What you will do: Everything in the listing should be transcribed exactly, apart from the pictures.

Supplied material:
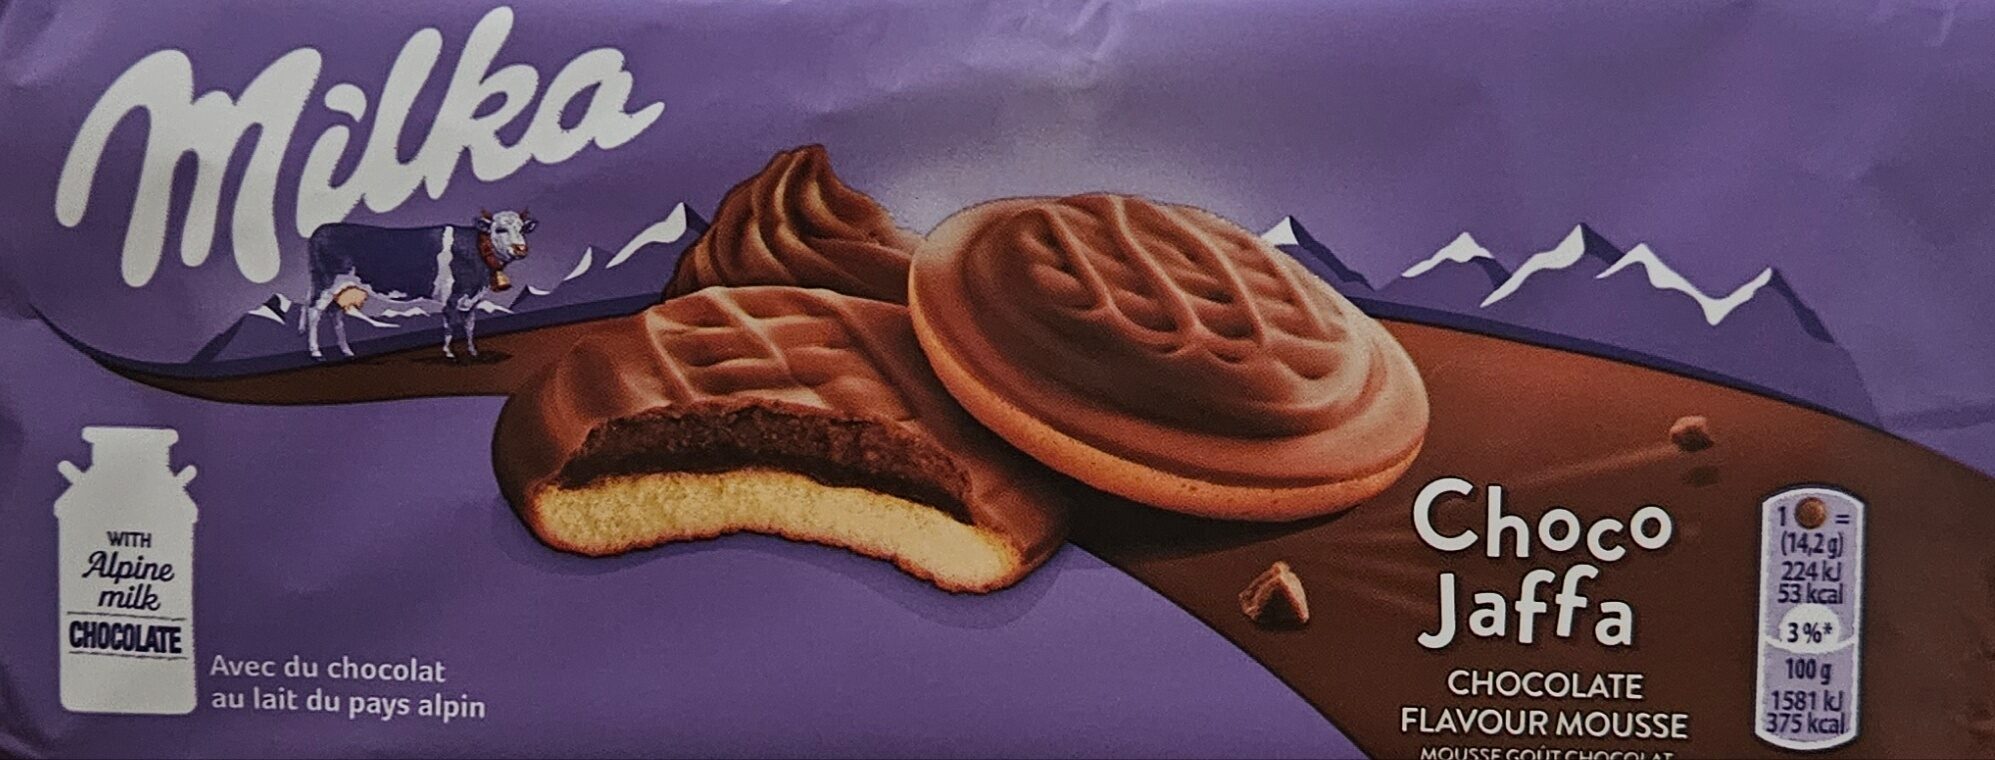 Бисквити с пълнеж с аромат на шоколад и покрити с млечен шоколад - Produkt - bg
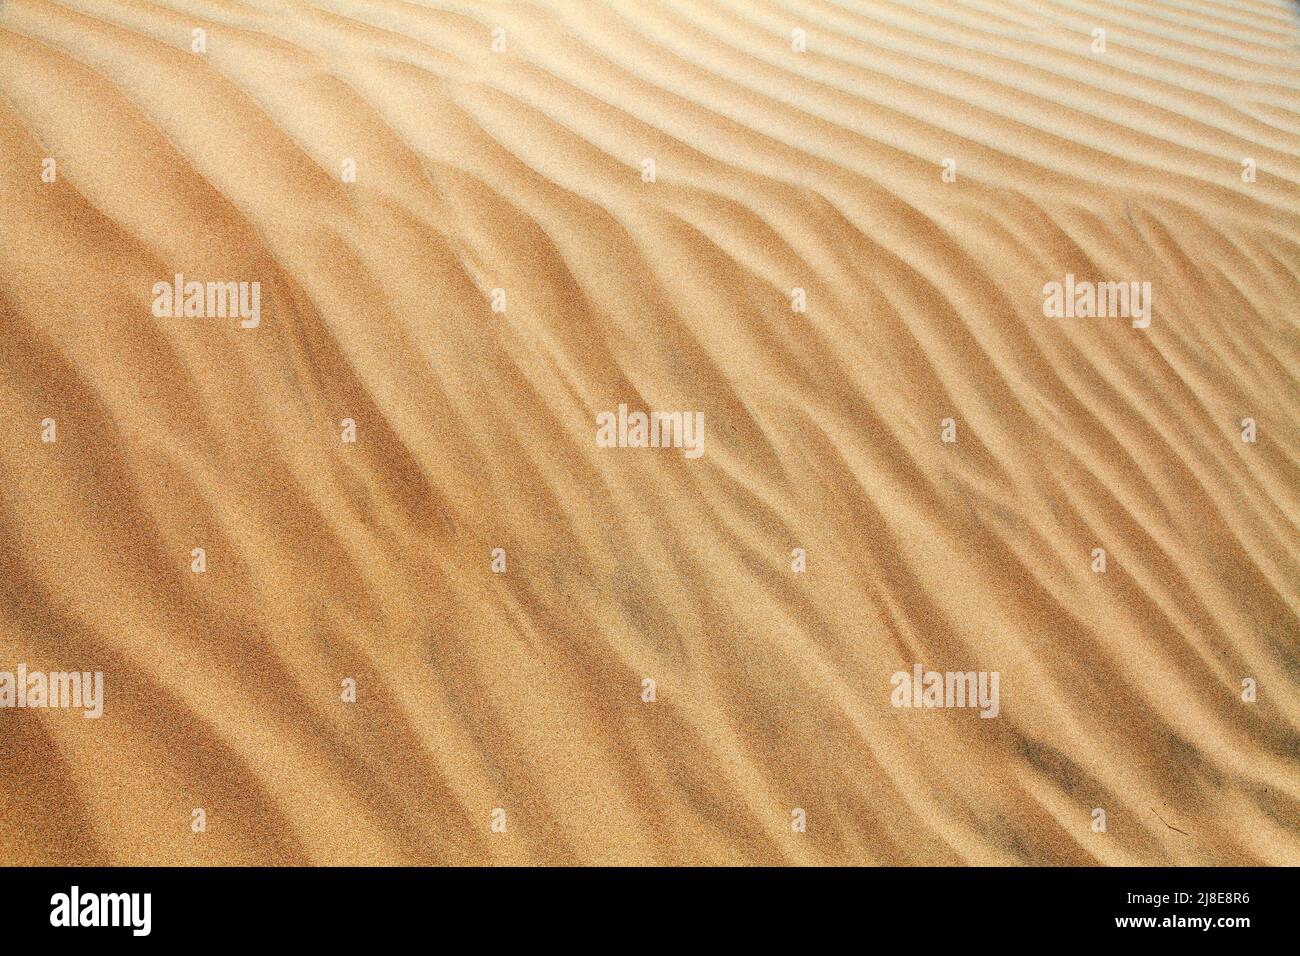 Wüstensanddünen, Sandwellen auf Cerro Blanco Sanddüne, die höchsten Dünen der Welt, in der Nähe von Nasca oder Nazca Stadt in Peru Stockfoto
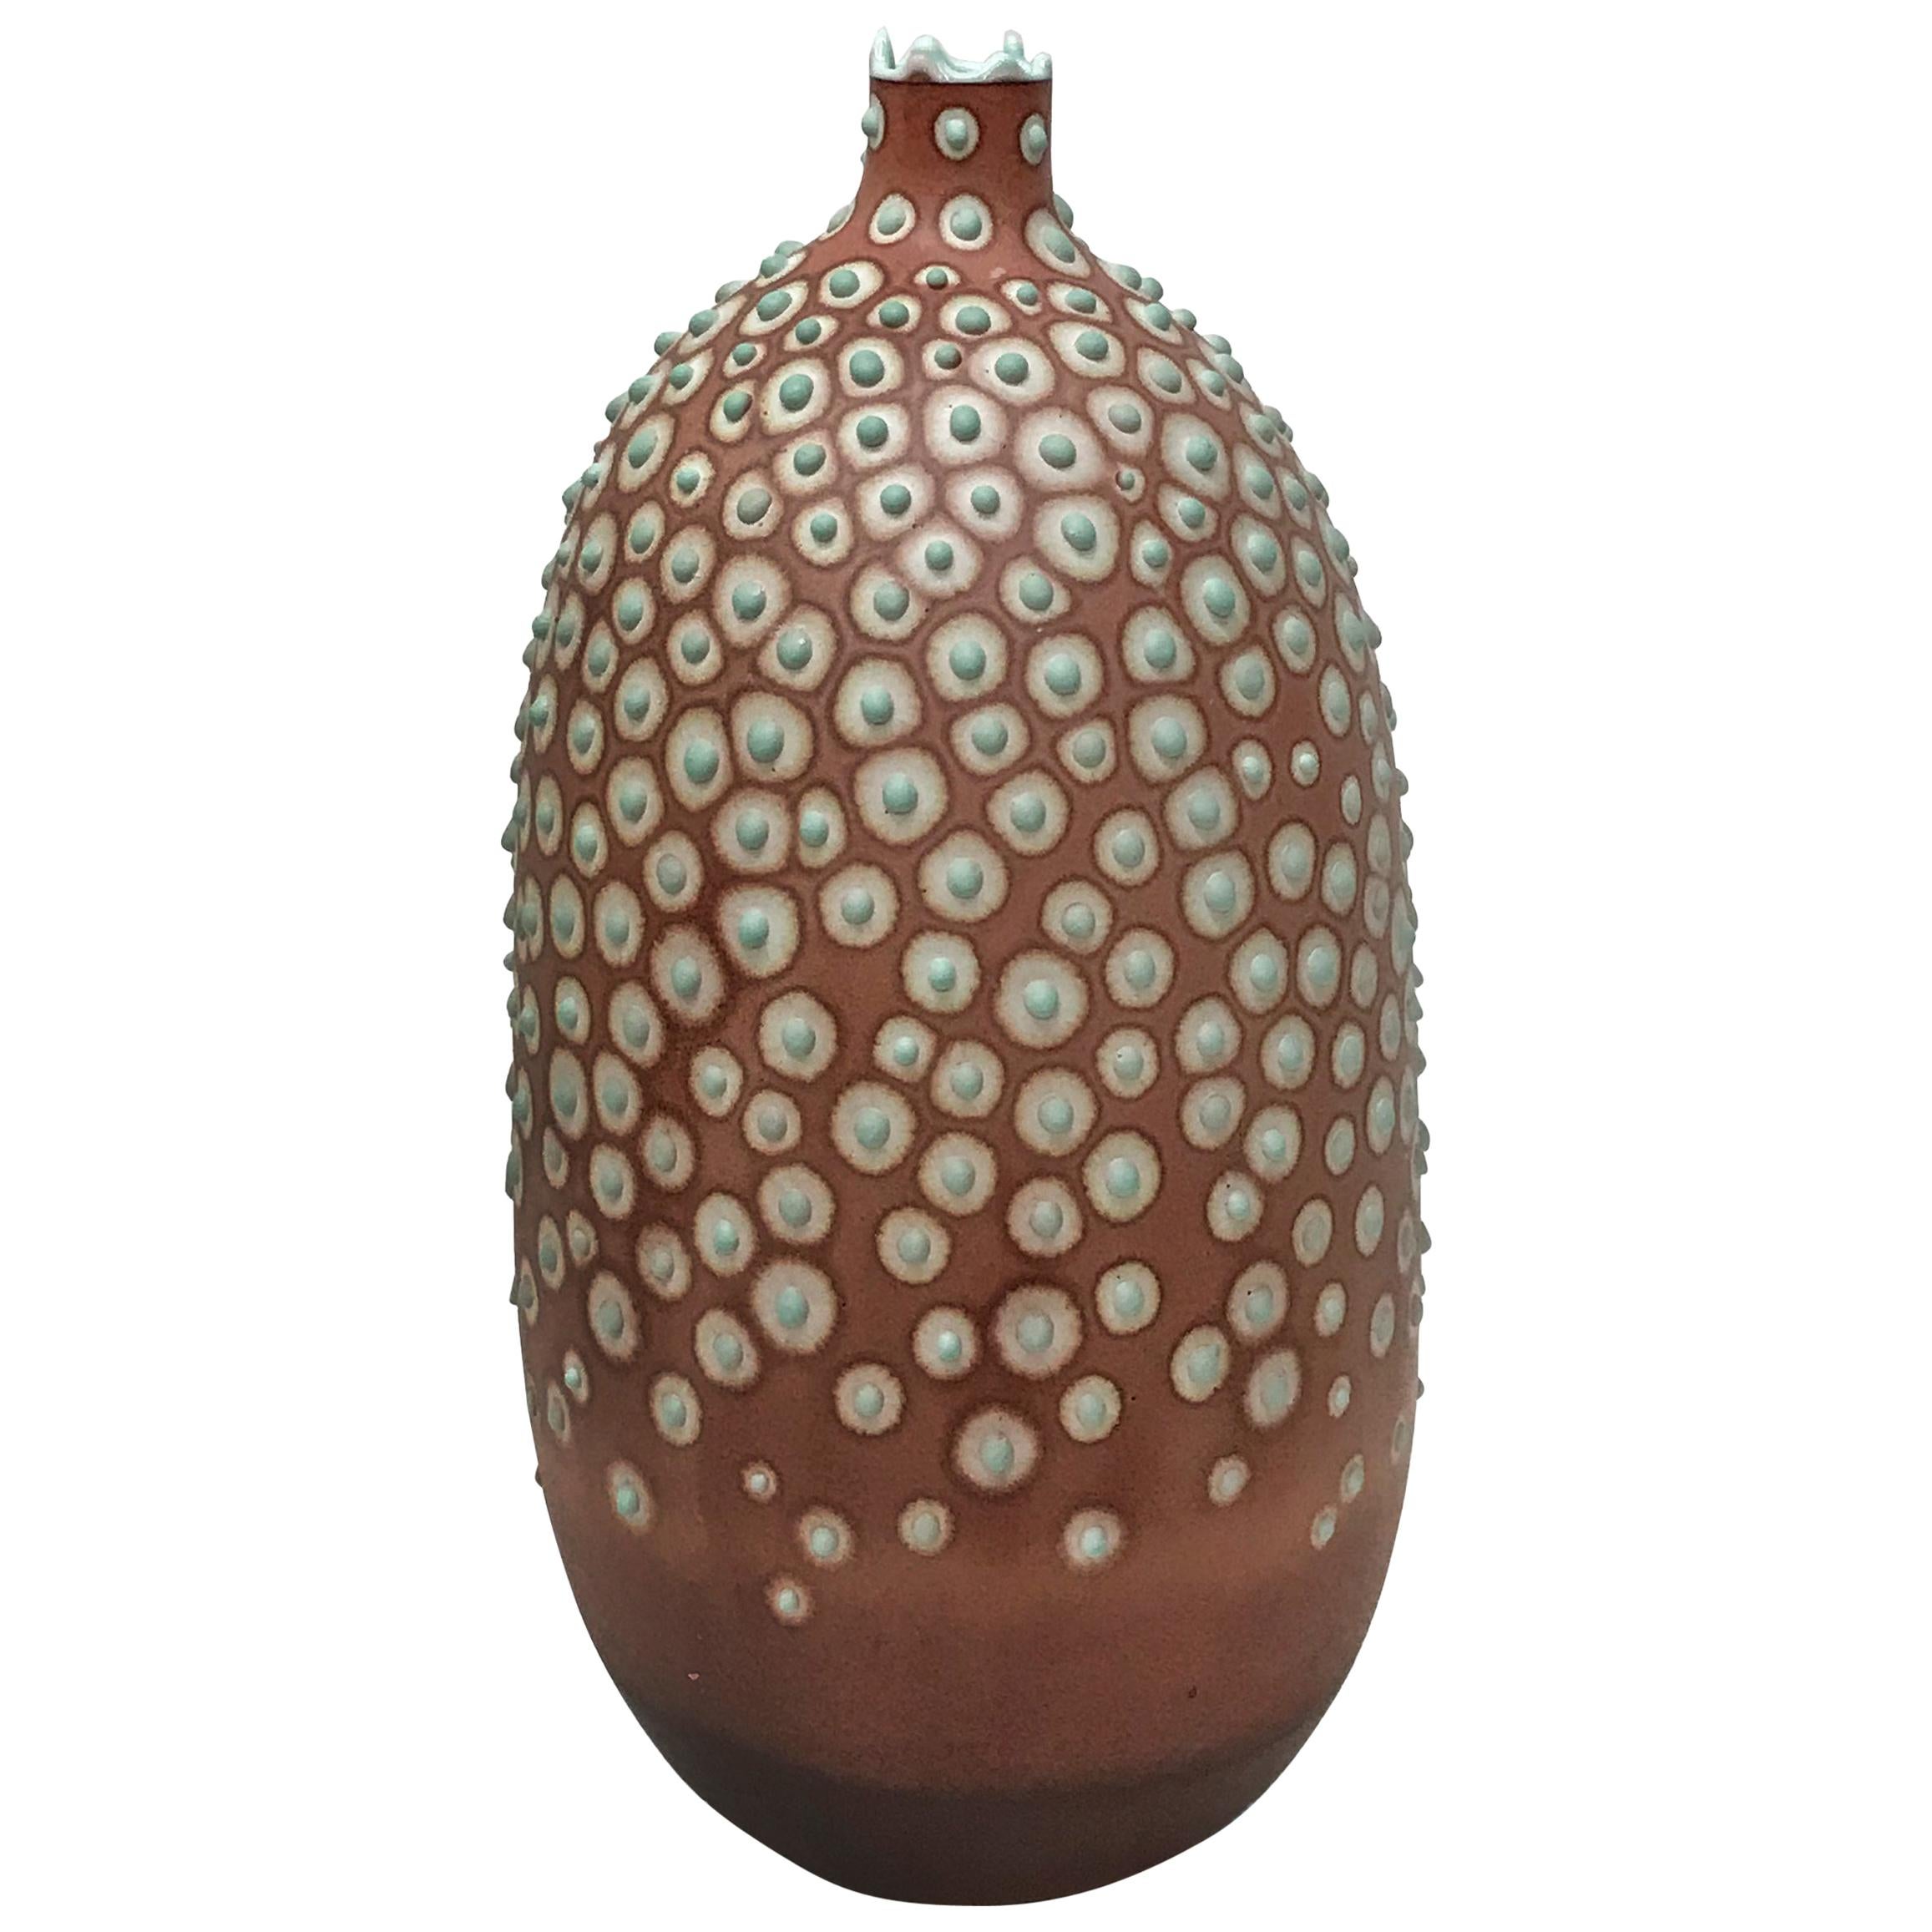 Eine einzigartige handgefertigte längliche Vase des 21. Jahrhunderts in Rost und Mint

Exercise output:
 Бисквити с пълнеж с аромат на шоколад и покрити с млечен шоколад - Produkt - bg
 Wüstensanddünen, Sandwellen auf Cerro Blanco Sanddüne, die höchsten Dünen der Welt, in der Nähe von Nasca oder Nazca Stadt in Peru Stockfoto
 Eine einzigartige handgefertigte längliche Vase des 21. Jahrhunderts in Rost und Mint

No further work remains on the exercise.